------ Available data
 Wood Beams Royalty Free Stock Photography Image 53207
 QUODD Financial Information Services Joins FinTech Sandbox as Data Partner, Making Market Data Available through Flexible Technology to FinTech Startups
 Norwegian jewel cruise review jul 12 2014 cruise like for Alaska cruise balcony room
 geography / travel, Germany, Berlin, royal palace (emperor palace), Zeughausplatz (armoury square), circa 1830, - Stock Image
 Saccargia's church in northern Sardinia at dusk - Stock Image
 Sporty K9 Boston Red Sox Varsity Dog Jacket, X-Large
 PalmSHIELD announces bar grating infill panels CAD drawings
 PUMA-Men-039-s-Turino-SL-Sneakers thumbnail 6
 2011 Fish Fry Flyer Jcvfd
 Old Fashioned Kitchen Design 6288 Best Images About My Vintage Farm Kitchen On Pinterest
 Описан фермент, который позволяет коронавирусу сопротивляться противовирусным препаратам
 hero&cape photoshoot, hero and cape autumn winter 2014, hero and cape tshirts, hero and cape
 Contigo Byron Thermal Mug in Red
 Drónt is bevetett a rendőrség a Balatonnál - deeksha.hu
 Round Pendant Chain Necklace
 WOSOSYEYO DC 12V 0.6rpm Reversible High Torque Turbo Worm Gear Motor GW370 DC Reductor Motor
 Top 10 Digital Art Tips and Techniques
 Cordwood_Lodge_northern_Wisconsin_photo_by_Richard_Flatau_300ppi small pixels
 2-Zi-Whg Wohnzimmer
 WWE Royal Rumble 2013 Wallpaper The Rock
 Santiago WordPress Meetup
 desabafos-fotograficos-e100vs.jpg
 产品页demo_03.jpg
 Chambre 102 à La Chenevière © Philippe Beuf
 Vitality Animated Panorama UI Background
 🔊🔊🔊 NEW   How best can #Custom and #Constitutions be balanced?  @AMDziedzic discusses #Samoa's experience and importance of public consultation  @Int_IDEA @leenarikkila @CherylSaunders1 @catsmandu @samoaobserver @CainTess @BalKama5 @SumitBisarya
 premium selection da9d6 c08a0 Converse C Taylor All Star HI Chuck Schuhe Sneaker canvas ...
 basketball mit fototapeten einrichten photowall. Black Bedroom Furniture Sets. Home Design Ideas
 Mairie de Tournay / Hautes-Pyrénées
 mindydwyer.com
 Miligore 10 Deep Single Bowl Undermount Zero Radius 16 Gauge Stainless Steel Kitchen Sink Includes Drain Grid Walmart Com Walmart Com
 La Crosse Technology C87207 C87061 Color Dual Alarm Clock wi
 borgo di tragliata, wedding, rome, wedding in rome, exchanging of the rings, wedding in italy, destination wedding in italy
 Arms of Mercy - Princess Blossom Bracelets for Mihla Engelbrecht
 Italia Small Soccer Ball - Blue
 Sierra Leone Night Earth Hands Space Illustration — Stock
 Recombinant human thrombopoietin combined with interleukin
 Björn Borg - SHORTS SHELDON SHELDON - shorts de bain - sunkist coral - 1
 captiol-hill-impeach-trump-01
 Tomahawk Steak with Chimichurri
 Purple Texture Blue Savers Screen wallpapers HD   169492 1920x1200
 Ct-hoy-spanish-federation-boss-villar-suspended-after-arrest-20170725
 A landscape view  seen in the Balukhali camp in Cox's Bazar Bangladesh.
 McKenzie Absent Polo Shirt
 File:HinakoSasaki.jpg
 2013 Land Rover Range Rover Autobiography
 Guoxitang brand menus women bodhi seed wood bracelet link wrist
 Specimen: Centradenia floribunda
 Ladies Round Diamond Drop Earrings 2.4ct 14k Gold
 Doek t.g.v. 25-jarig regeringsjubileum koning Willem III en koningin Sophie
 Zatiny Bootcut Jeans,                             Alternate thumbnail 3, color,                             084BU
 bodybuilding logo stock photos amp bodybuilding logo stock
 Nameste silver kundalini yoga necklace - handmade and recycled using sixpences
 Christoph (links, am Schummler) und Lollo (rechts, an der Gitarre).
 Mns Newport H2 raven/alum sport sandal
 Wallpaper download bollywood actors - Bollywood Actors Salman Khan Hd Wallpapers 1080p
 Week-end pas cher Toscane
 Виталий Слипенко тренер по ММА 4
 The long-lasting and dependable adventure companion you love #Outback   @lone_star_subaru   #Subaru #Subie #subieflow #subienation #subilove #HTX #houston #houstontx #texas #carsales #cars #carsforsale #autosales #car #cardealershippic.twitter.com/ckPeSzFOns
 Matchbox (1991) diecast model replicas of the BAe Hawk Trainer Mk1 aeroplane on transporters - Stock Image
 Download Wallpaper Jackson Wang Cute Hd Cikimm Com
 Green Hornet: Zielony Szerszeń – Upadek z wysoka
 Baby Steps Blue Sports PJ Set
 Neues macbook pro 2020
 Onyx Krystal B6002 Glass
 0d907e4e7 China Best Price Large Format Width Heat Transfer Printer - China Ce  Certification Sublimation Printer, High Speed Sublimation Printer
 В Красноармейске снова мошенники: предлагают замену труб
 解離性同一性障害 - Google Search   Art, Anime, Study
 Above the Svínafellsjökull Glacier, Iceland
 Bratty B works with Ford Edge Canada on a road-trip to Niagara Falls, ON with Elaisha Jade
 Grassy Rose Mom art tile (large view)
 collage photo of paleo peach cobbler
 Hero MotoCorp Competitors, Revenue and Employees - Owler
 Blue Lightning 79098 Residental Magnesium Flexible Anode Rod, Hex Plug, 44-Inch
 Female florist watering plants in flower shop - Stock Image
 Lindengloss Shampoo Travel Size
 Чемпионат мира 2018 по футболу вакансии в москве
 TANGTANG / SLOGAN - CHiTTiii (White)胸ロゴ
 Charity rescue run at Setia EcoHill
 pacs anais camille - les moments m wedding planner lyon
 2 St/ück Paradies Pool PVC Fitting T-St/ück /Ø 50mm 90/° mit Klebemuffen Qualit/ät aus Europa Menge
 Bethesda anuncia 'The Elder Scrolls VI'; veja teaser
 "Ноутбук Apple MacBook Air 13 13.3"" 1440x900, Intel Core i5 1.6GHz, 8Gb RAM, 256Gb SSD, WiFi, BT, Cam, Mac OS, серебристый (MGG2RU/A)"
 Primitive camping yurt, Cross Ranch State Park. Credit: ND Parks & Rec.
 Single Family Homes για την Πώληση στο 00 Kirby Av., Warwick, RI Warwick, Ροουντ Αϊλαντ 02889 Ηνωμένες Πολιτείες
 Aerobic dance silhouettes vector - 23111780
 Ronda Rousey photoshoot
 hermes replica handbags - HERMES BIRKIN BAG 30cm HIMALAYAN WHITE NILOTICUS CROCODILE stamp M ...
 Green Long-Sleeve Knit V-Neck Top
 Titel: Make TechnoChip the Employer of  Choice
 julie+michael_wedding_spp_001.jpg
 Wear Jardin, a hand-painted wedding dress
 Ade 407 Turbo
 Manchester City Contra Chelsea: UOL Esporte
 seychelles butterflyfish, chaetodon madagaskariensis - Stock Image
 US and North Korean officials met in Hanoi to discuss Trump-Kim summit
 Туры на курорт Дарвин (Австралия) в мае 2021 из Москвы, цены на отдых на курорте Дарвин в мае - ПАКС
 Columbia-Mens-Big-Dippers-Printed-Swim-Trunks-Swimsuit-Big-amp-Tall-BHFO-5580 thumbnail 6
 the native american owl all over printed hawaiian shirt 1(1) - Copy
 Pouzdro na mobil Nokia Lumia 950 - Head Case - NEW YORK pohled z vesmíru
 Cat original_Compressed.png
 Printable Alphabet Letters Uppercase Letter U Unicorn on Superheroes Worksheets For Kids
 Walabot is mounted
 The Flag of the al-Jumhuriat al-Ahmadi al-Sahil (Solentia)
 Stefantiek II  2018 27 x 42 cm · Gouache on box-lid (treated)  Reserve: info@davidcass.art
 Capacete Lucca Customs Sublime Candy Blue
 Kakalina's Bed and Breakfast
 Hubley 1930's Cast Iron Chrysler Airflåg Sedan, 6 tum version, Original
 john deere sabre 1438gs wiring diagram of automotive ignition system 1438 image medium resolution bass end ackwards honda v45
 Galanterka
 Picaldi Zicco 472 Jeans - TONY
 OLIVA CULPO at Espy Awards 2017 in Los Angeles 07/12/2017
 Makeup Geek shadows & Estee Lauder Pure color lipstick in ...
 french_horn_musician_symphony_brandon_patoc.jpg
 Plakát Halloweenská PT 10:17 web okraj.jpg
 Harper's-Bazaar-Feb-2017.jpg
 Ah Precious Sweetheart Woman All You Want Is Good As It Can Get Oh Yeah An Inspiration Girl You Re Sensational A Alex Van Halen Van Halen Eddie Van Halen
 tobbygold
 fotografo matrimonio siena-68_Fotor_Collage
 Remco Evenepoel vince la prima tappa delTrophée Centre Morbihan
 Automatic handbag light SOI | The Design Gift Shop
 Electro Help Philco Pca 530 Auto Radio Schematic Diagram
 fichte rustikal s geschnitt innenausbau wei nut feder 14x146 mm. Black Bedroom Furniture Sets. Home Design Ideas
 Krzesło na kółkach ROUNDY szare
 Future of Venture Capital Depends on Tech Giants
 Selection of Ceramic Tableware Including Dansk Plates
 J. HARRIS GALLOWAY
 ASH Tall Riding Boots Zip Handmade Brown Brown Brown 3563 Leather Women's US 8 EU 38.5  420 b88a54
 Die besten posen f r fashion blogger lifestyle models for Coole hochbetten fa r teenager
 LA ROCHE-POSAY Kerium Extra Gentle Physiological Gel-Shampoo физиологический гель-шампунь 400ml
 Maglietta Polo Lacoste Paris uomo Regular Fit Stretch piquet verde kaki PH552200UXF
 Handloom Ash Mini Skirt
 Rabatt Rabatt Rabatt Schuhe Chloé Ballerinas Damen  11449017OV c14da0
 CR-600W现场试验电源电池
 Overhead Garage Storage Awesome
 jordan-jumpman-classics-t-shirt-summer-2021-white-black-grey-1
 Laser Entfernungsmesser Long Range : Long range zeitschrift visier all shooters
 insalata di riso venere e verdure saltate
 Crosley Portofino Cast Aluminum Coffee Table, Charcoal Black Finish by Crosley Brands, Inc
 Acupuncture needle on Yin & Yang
------------
## What you need to do
The entries above hold a line with "Walabot is mounted" and a later line with "Rabatt Rabatt Rabatt". Write out exactly those lines and all lines between, nothing more.

## Exercise response
 Walabot is mounted
 The Flag of the al-Jumhuriat al-Ahmadi al-Sahil (Solentia)
 Stefantiek II  2018 27 x 42 cm · Gouache on box-lid (treated)  Reserve: info@davidcass.art
 Capacete Lucca Customs Sublime Candy Blue
 Kakalina's Bed and Breakfast
 Hubley 1930's Cast Iron Chrysler Airflåg Sedan, 6 tum version, Original
 john deere sabre 1438gs wiring diagram of automotive ignition system 1438 image medium resolution bass end ackwards honda v45
 Galanterka
 Picaldi Zicco 472 Jeans - TONY
 OLIVA CULPO at Espy Awards 2017 in Los Angeles 07/12/2017
 Makeup Geek shadows & Estee Lauder Pure color lipstick in ...
 french_horn_musician_symphony_brandon_patoc.jpg
 Plakát Halloweenská PT 10:17 web okraj.jpg
 Harper's-Bazaar-Feb-2017.jpg
 Ah Precious Sweetheart Woman All You Want Is Good As It Can Get Oh Yeah An Inspiration Girl You Re Sensational A Alex Van Halen Van Halen Eddie Van Halen
 tobbygold
 fotografo matrimonio siena-68_Fotor_Collage
 Remco Evenepoel vince la prima tappa delTrophée Centre Morbihan
 Automatic handbag light SOI | The Design Gift Shop
 Electro Help Philco Pca 530 Auto Radio Schematic Diagram
 fichte rustikal s geschnitt innenausbau wei nut feder 14x146 mm. Black Bedroom Furniture Sets. Home Design Ideas
 Krzesło na kółkach ROUNDY szare
 Future of Venture Capital Depends on Tech Giants
 Selection of Ceramic Tableware Including Dansk Plates
 J. HARRIS GALLOWAY
 ASH Tall Riding Boots Zip Handmade Brown Brown Brown 3563 Leather Women's US 8 EU 38.5  420 b88a54
 Die besten posen f r fashion blogger lifestyle models for Coole hochbetten fa r teenager
 LA ROCHE-POSAY Kerium Extra Gentle Physiological Gel-Shampoo физиологический гель-шампунь 400ml
 Maglietta Polo Lacoste Paris uomo Regular Fit Stretch piquet verde kaki PH552200UXF
 Handloom Ash Mini Skirt
 Rabatt Rabatt Rabatt Schuhe Chloé Ballerinas Damen  11449017OV c14da0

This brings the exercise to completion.